COLLEGEVILLE, Pa. — Mark Twain once opined, “There are basically two types of people. People who accomplish things, and people who claim to have accomplished things. The first group is less crowded.” A recent ceremony for the long-in-the-coming State Correctional Institution at Phoenix (SCI), in Montgomery County, Pa., was very crowded indeed.
Several hundred stakeholders, including lawmakers and state officials, gathered last week to dedicate the new correctional facility, which has been subject to several delays over the past couple of years.
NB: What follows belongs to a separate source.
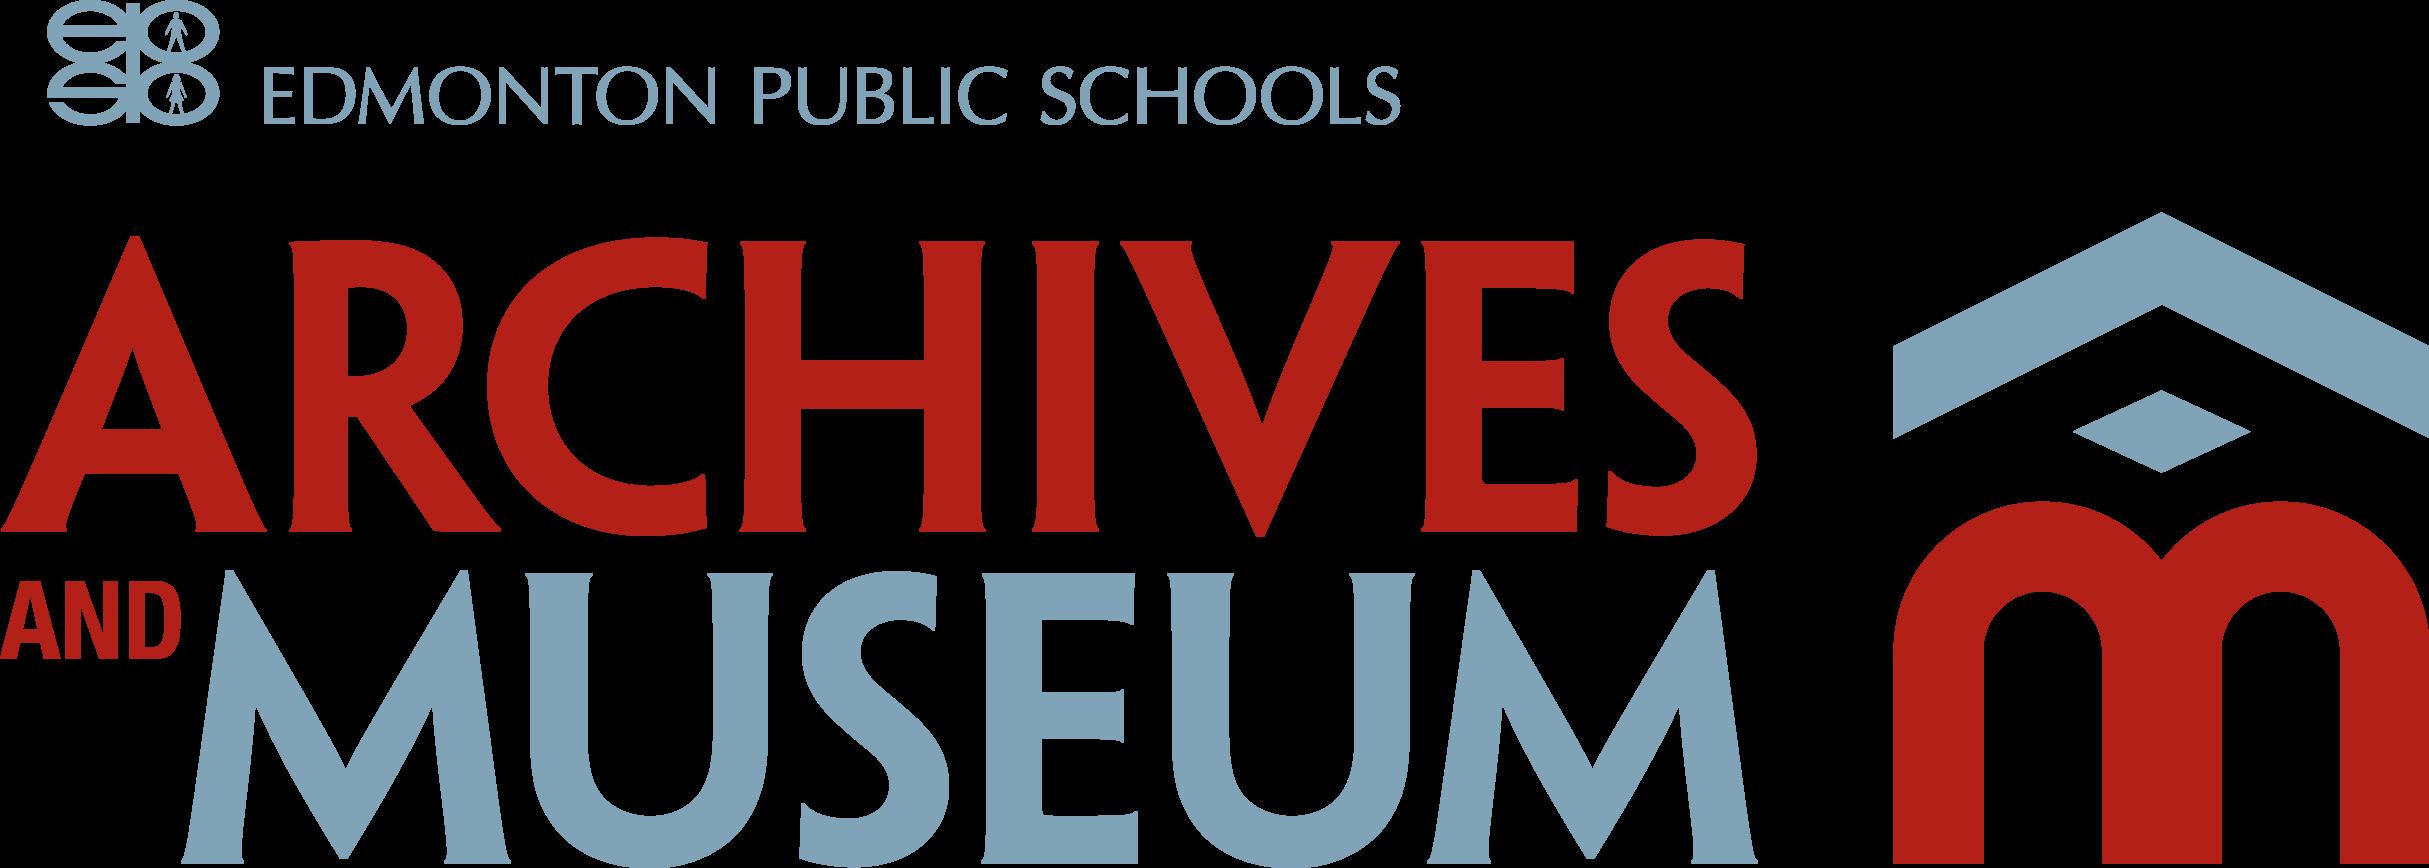 McKay Avenue School logo

The new $350 million state prison, which is replacing SCI Graterford in Skippack Township, was originally due to open Nov. 20, 2015. However, conflicts with the contractor led to a six-month hiatus on the project, lasting until May 2017. At that point, the Phoenix, as the project is popularly known, was scheduled to open late the following September. That date was also pushed, but now the facility is finally ready to receive inmates. SCI Phoenix will officially begin operation by June 30, 2018.
“A facility that maximizes staff safety and wellness, this prison replaces a nearly century-old facility,” Corrections Secretary John Wetzel said in a statement. “SCI Phoenix was designed as a 21st century institution, with advanced security features, environmentally efficient infrastructure and modern work and housing spaces.”
Located on 164 acres, SCI Phoenix will house roughly 3,830 male inmates in 15 housing units. The design is comprised of distinct east and west flanks that will have its own program services area but share an administration building. Among the amenities at the new facility are a Correctional Industries laundry facility, a garment shop as well as a shoe shop, an inmate property area and maintenance shops and a commissary.
Built on the grounds of SCI Graterford, the facility also features a separate 192-bed Female Transition Unit located outside of its perimeter facility, which will focus on re-entry and family reunification for female inmates returning to the southeastern part of Pennsylvania.
Walsh Heery Joint Venture, a Pittsburgh-based partnership for the national general contractors, has overseen the project’s construction since 2013.